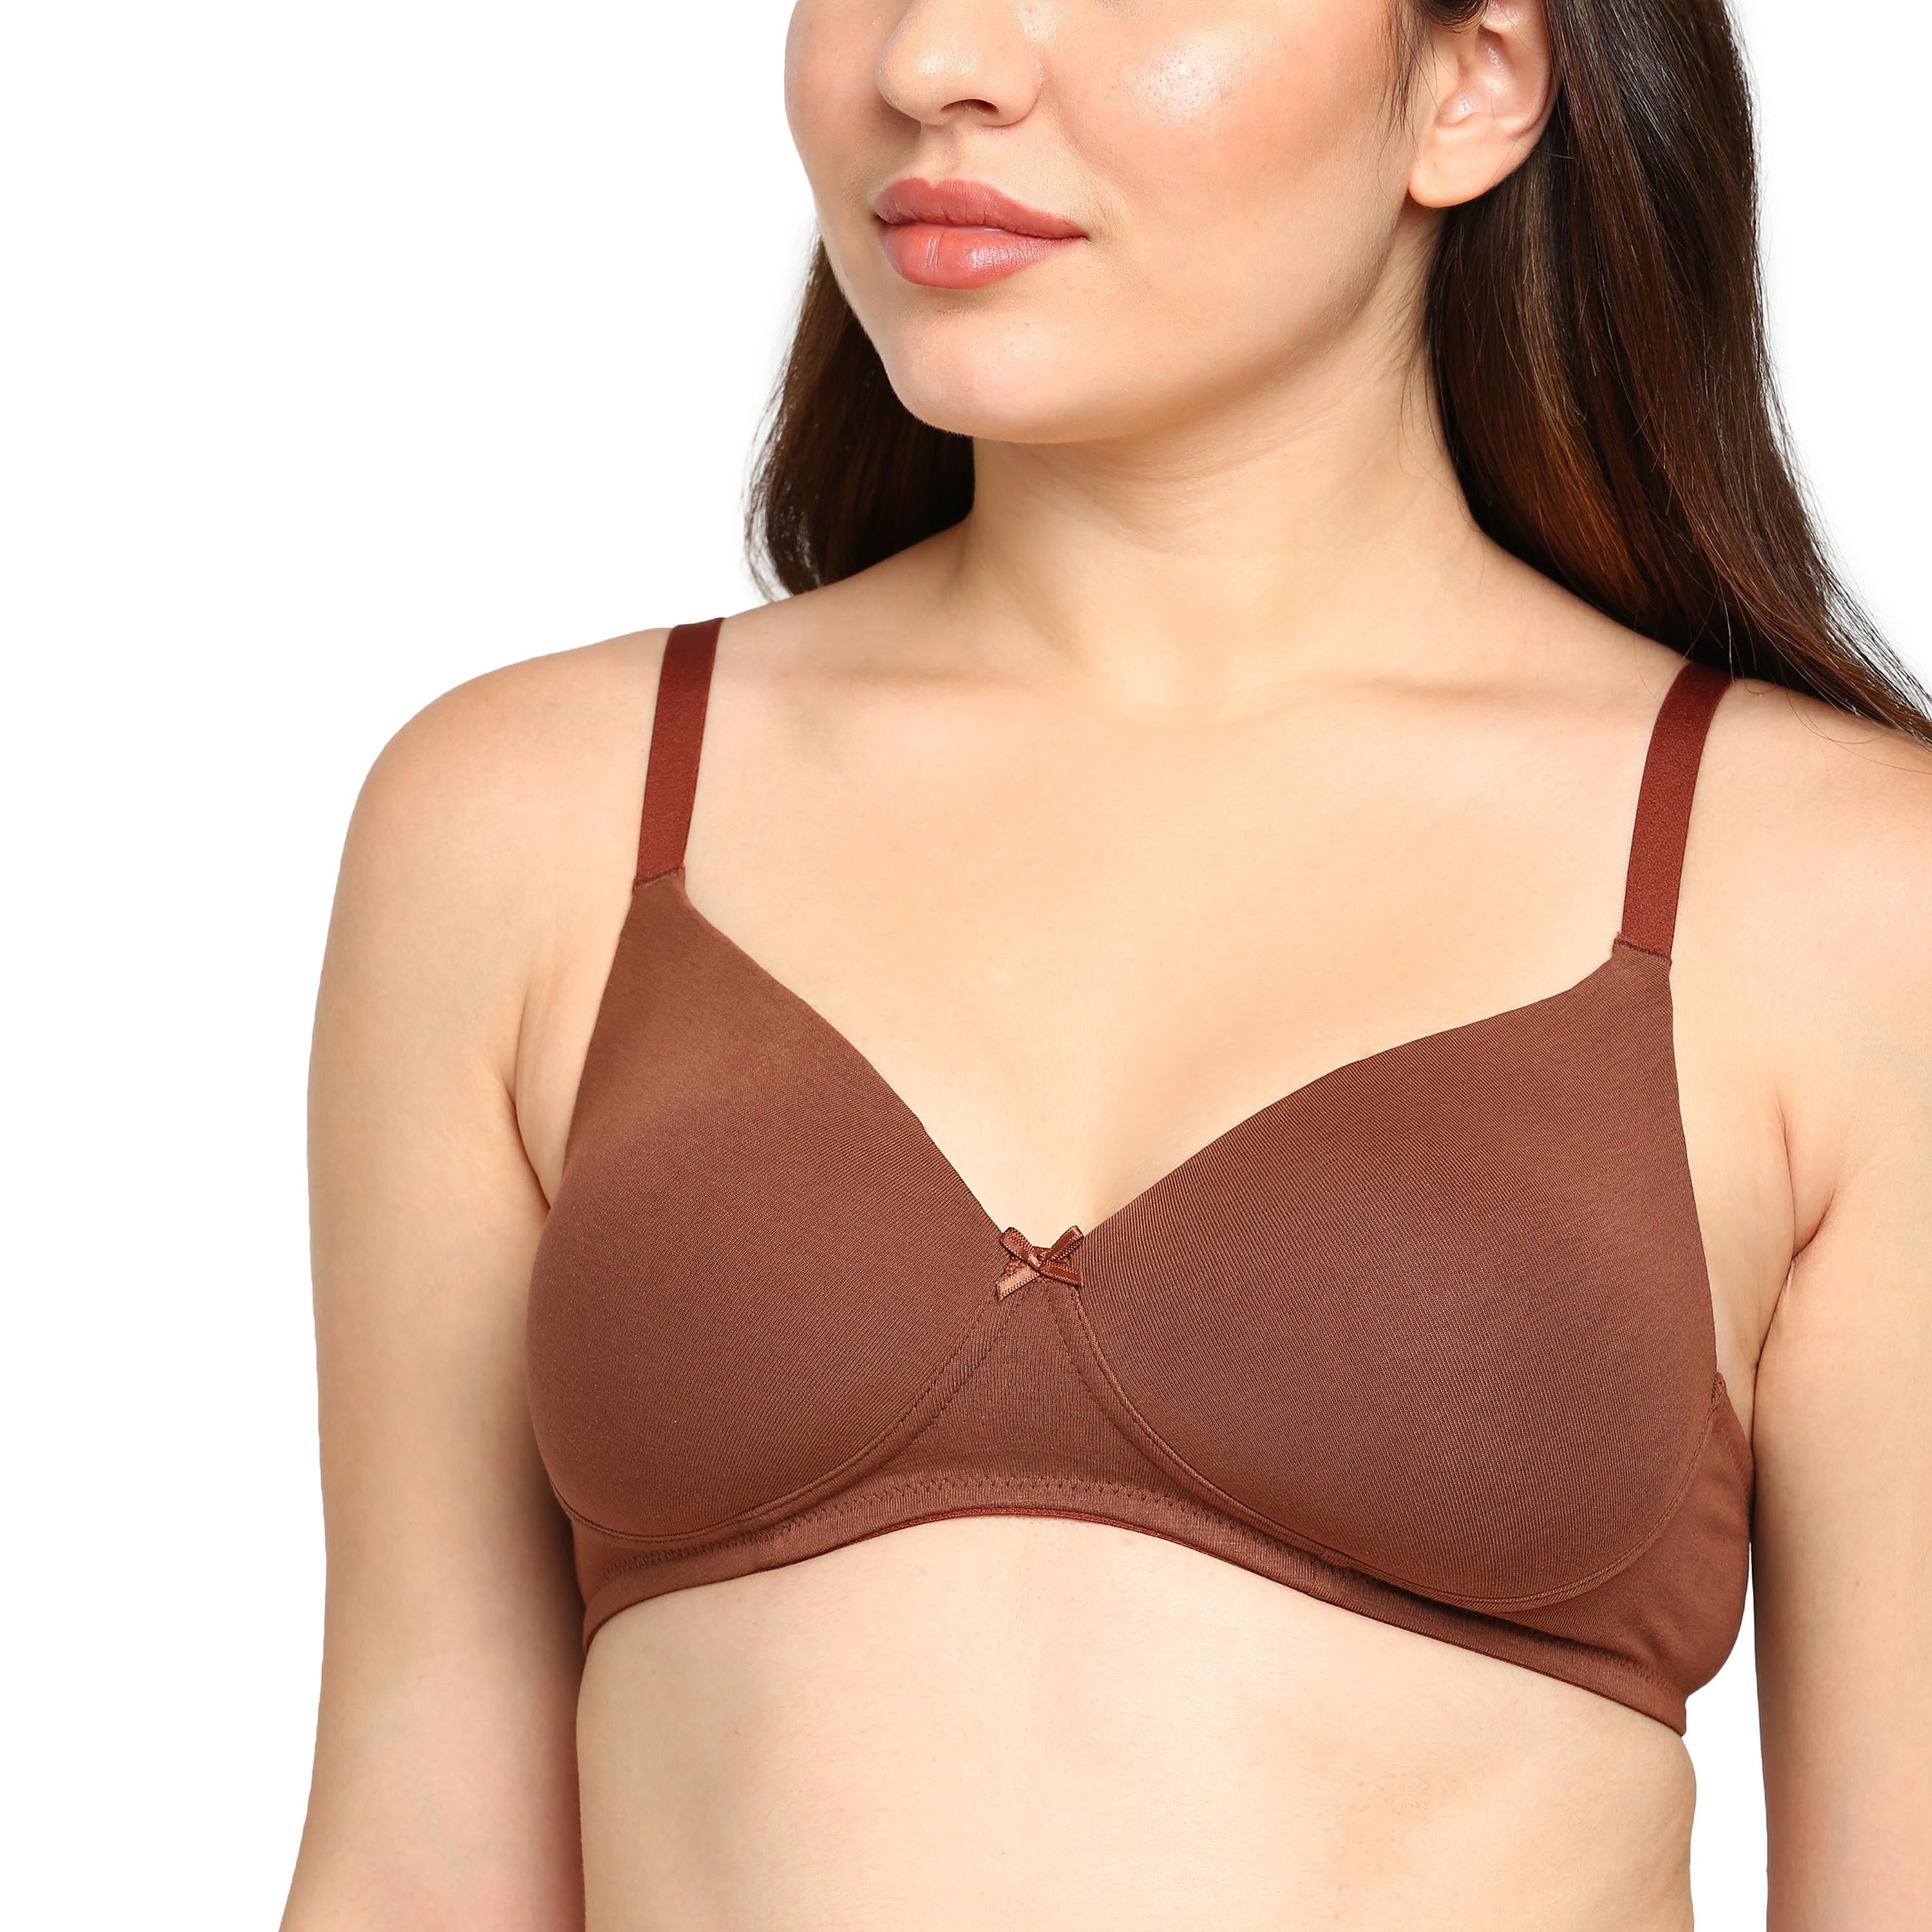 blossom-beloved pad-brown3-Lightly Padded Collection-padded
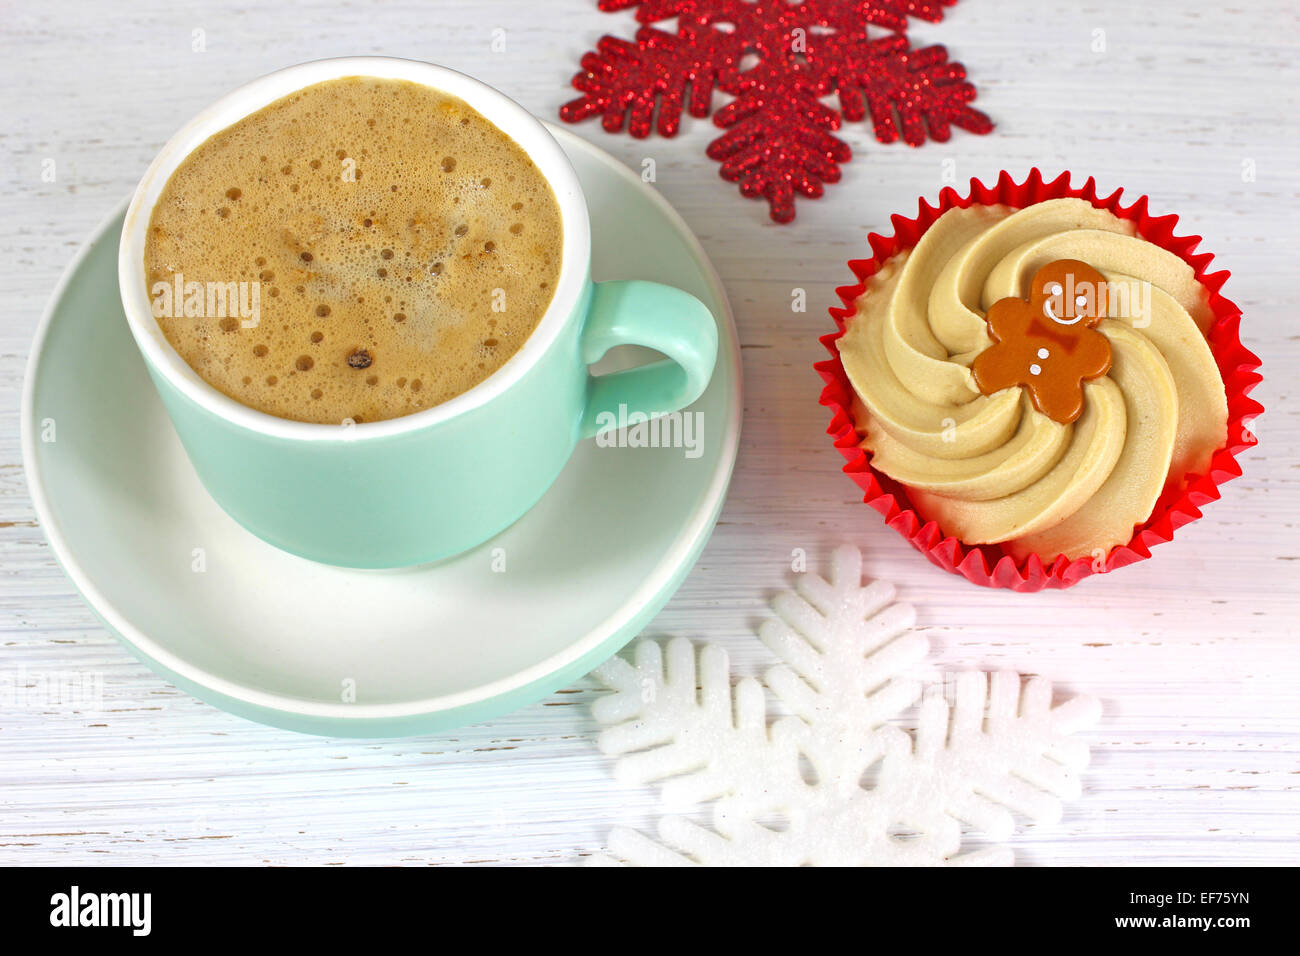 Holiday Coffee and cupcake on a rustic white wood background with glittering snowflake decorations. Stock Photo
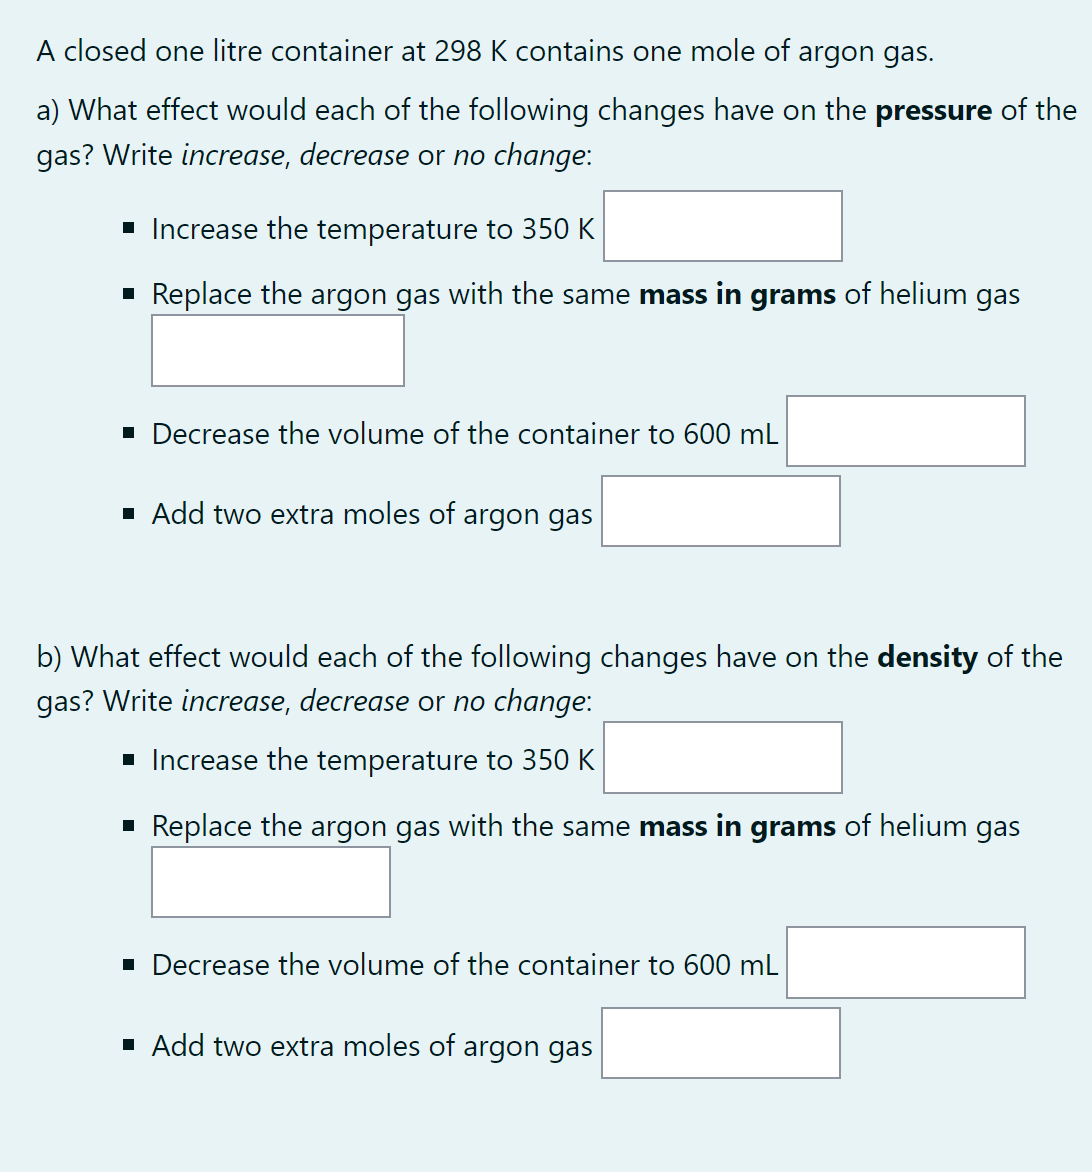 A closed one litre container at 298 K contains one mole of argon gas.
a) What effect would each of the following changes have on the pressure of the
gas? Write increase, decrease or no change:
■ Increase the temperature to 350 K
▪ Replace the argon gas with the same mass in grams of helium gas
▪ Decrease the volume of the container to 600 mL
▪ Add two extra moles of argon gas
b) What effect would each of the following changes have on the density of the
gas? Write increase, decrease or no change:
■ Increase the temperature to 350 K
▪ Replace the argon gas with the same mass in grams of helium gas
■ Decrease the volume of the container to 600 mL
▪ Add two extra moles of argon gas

> [Problem requirements] Would you mind repeating the records above exactly, without the pictures?

> [Exercise solution]
 blossom-beloved pad-brown3-Lightly Padded Collection-padded
 Holiday Coffee and cupcake on a rustic white wood background with glittering snowflake decorations. Stock Photo
 A closed one litre container at 298 K contains one mole of argon gas.
a) What effect would each of the following changes have on the pressure of the
gas? Write increase, decrease or no change:
■ Increase the temperature to 350 K
▪ Replace the argon gas with the same mass in grams of helium gas
▪ Decrease the volume of the container to 600 mL
▪ Add two extra moles of argon gas
b) What effect would each of the following changes have on the density of the
gas? Write increase, decrease or no change:
■ Increase the temperature to 350 K
▪ Replace the argon gas with the same mass in grams of helium gas
■ Decrease the volume of the container to 600 mL
▪ Add two extra moles of argon gas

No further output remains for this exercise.